A cold shoulder to Cardinal Newman

By MICHAEL TRUE

Immersed in Catholic higher education for 40 years, I have heard administrators and clerics, though few academics, speak about something called the Catholic intellectual tradition. The presumption is that there is one, or that it’s obvious which of various and conflicting traditions within Catholicism the person is referring to.

Educated at public and private universities and teaching at 20 others here and abroad, I have yet to discover any fundamental difference between Catholic institutions and other institutions of higher learning, with two exceptions. First, faculty and administrators at church-related institutions seem oddly obeisant to church hierarchy. Second, the Vatican occasionally exerts an anti-intellectual influence as it did in Pope John Paul II’s apostolic constitution on higher education, Ex Corde Ecclesiae.

Catholic educators rightly regard John Henry Newman as belonging to their tradition, even when they don’t abide by the standards for higher education advocated in his classic work, The Idea of a University.

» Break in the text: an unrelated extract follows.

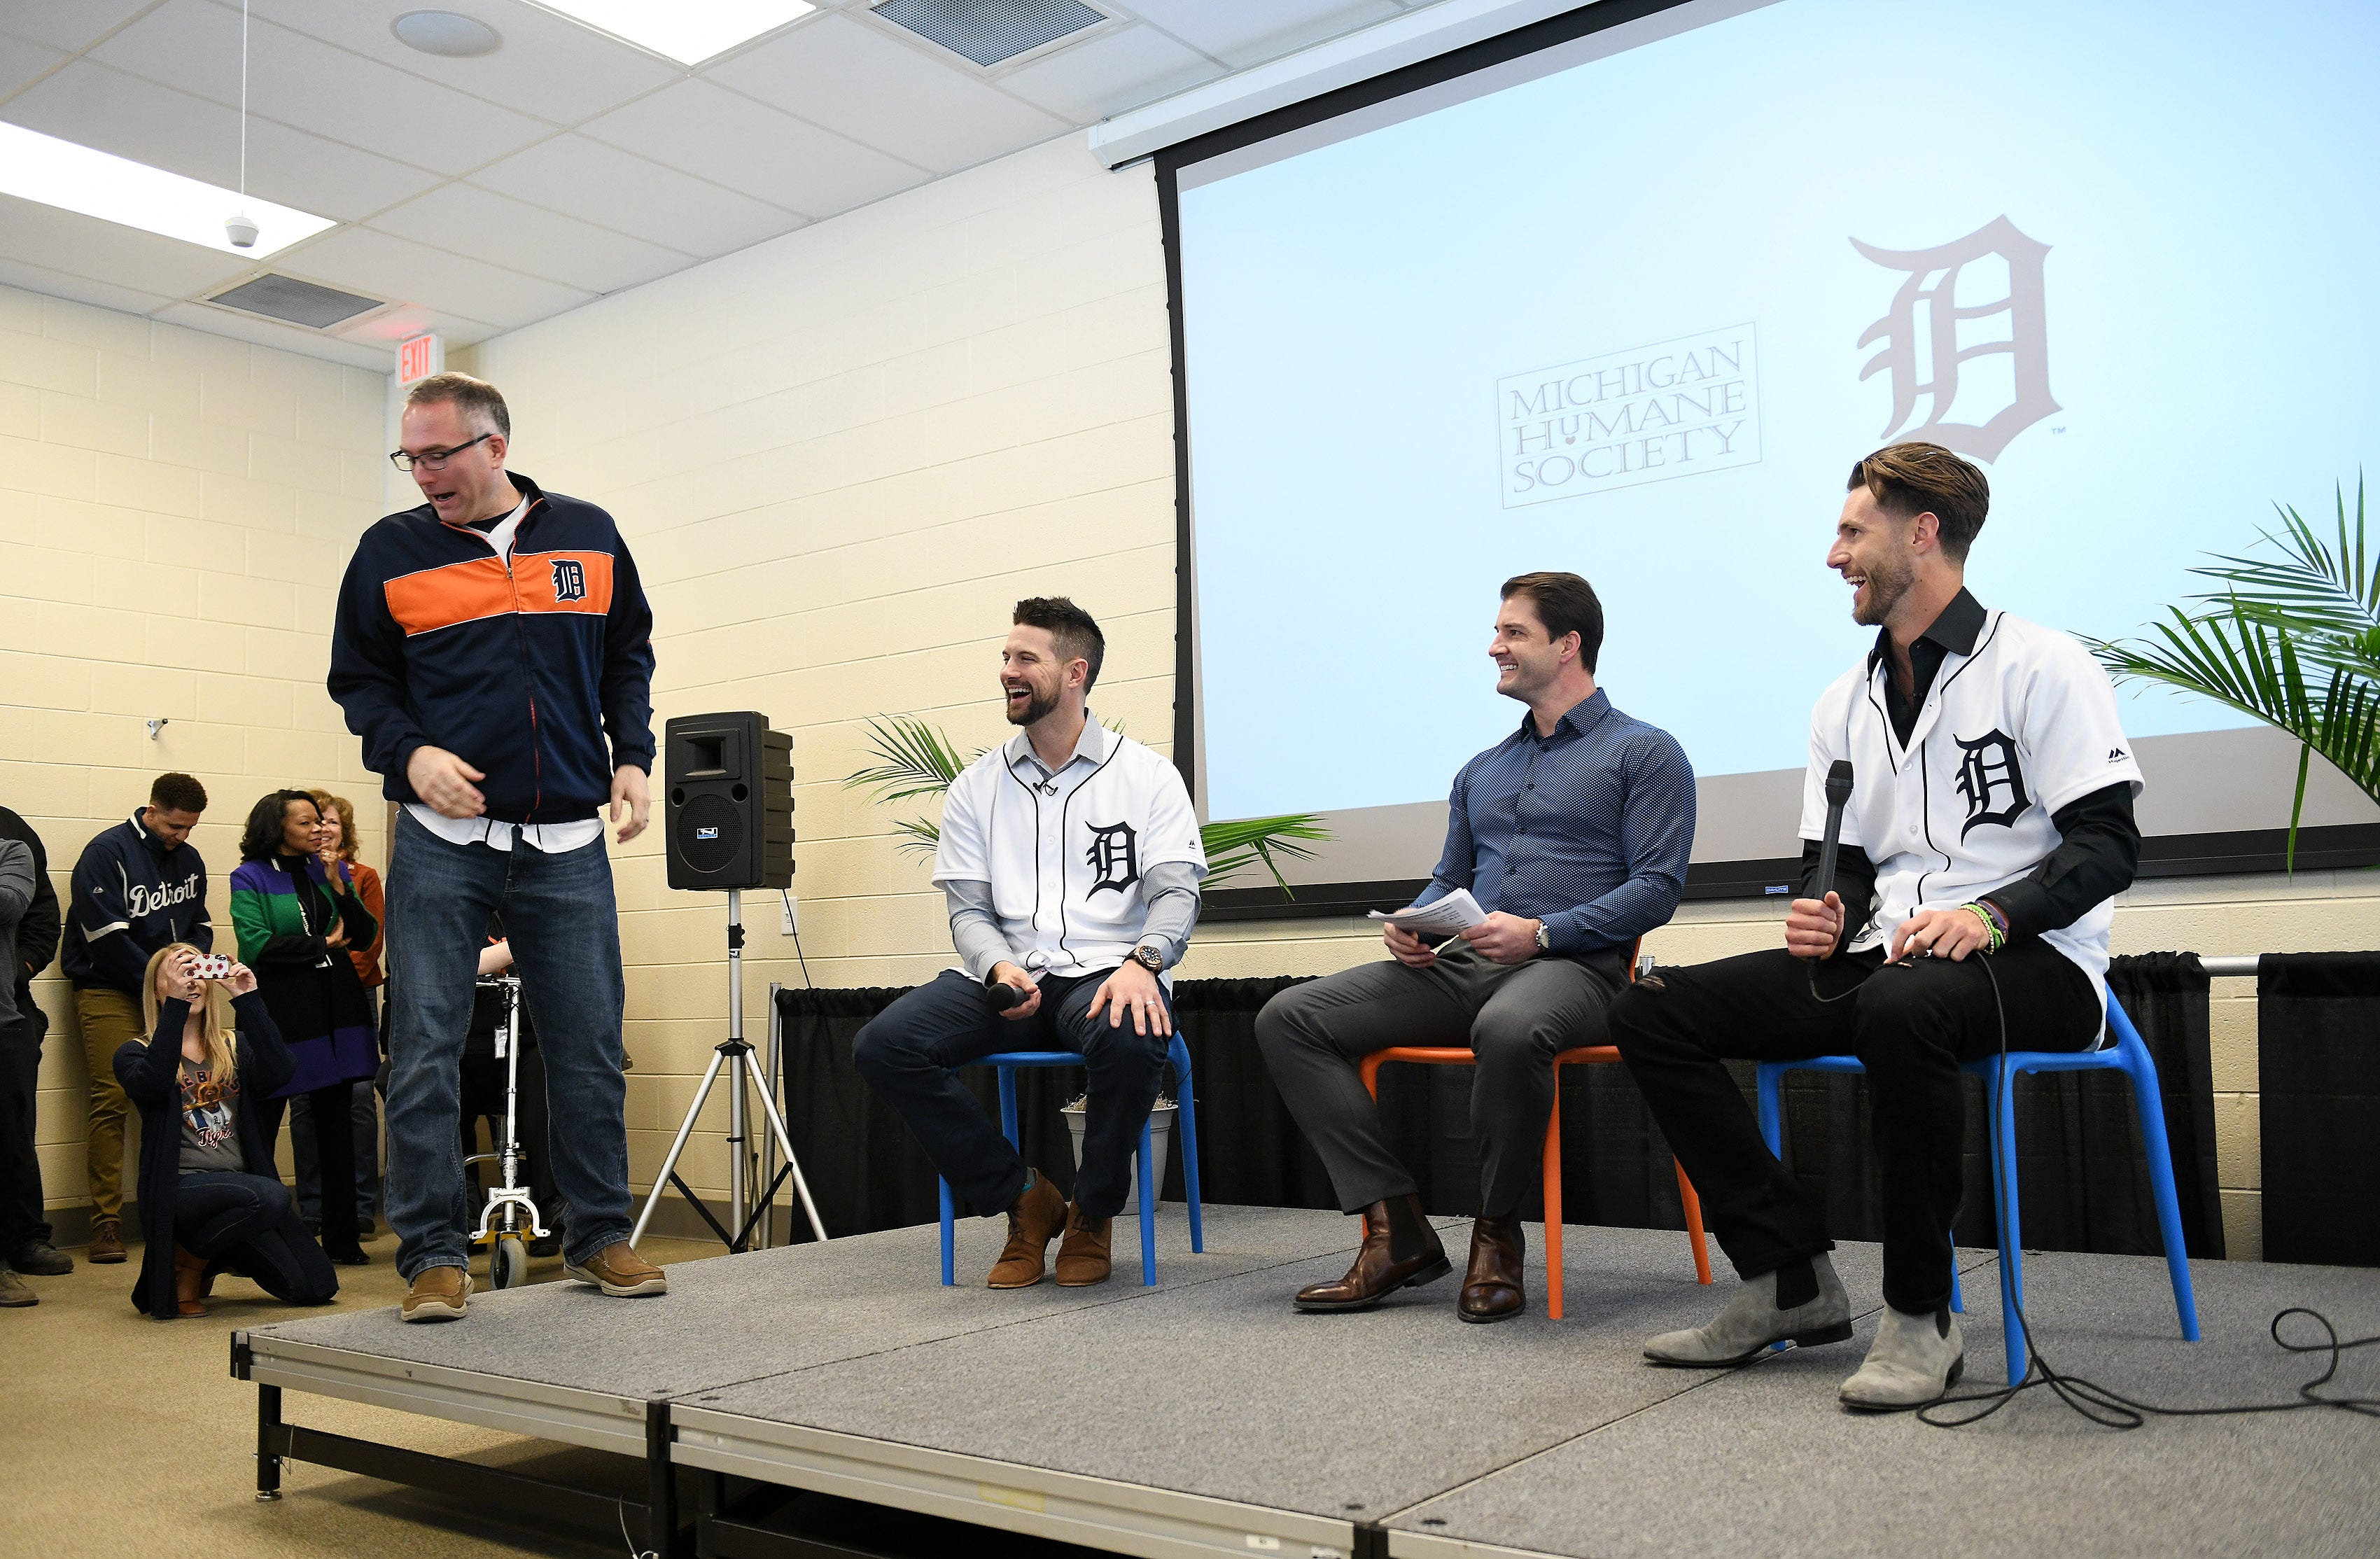 From left, Michigan Humane Society CEO Matt Pepper, Tigers' Jordy Mercer, Johnny Kane from Fox Sports Detroit and Tigers' Shane Greene at the Michigan Humane Society.

Similarly, Catholic neocons admire Cardinal Newman’s “conservative” politics but ignore his “radical” theology, expressed, for example, in his 1845 “Essay on the Development of Christian Doctrine” and the 1870 “Grammar of Assent.”

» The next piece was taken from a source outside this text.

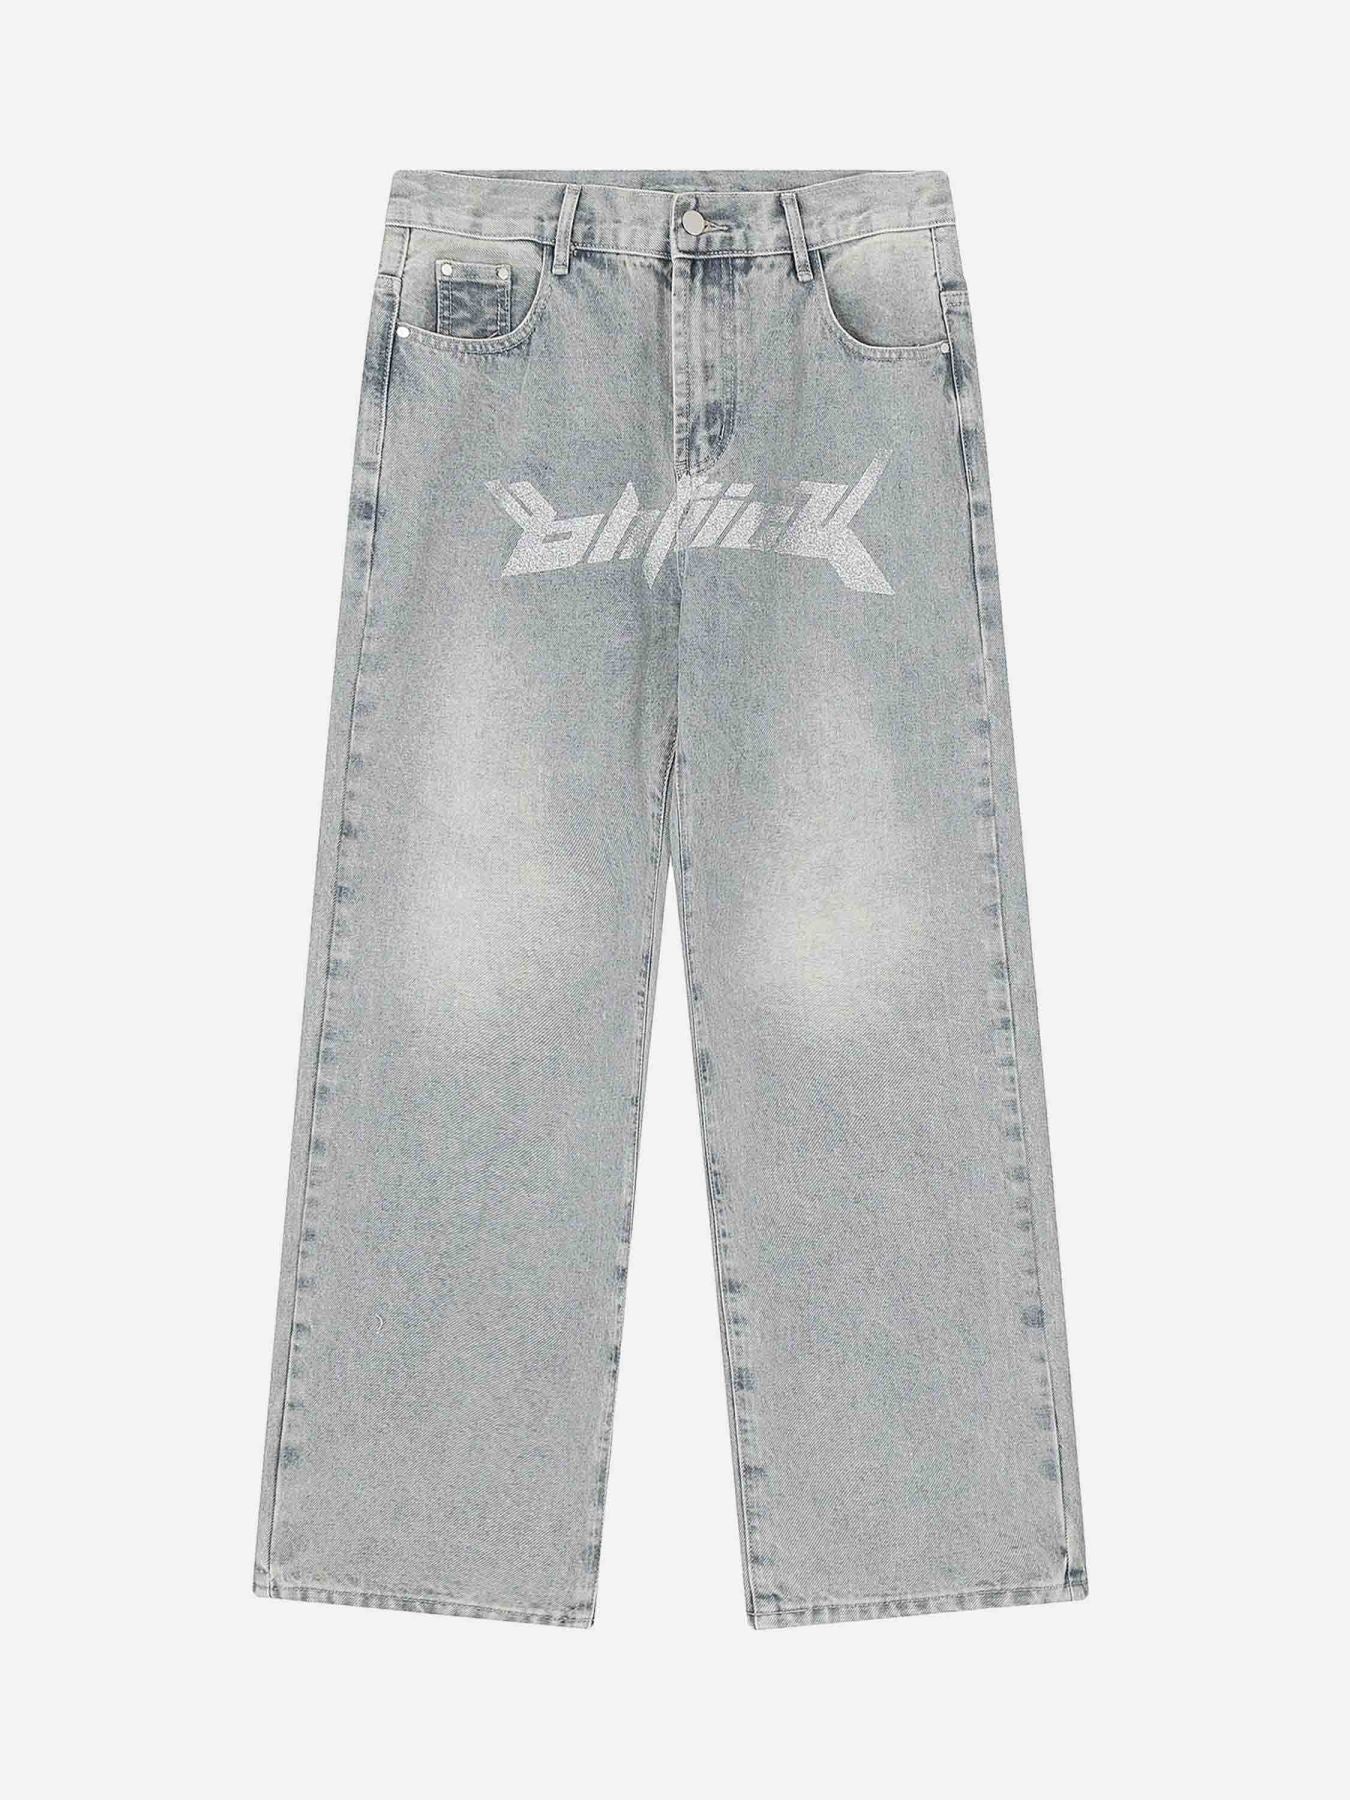 Thesupermade Dark Letter Print Jeans

Cardinal Newman’s alma mater, Oxford University, was his model academic institution for good reason. “Catholics did not make us Catholic,” he acknowledged. “Oxford made us Catholic.” And his lectures as founder of University College, Dublin, the first Catholic university in Ireland, reflect his experience as tutor, lecturer and chaplain at Oxford.

In projecting an Oxford model, Cardinal Newman faced suspicion and opposition from the Irish Catholic hierarchy, however, who preferred a glorified seminary to an authentic university. As a result, this internationally known figure remained under a cloud during the reign of Pius IX, until Leo XIII named John Henry Newman to the College of Cardinals in 1879. Under John Paul II and Benedict XVI, John Henry Newman again lives under a cloud. Few American campuses name Catholic student centers after Newman any more, the national Newman federation is gone, and his canonization has been long delayed, even though the investigation has been completed.

The challenge of The Idea of a University remains, nonetheless, as inspiration for secular as well as religious academics. So does Newman’s definition of a university as “a place to which a thousand schools make contributions; in which the intellect may safely range and speculate, sure to find its equal in some antagonist activity, and its judge in the tribunal of truth.”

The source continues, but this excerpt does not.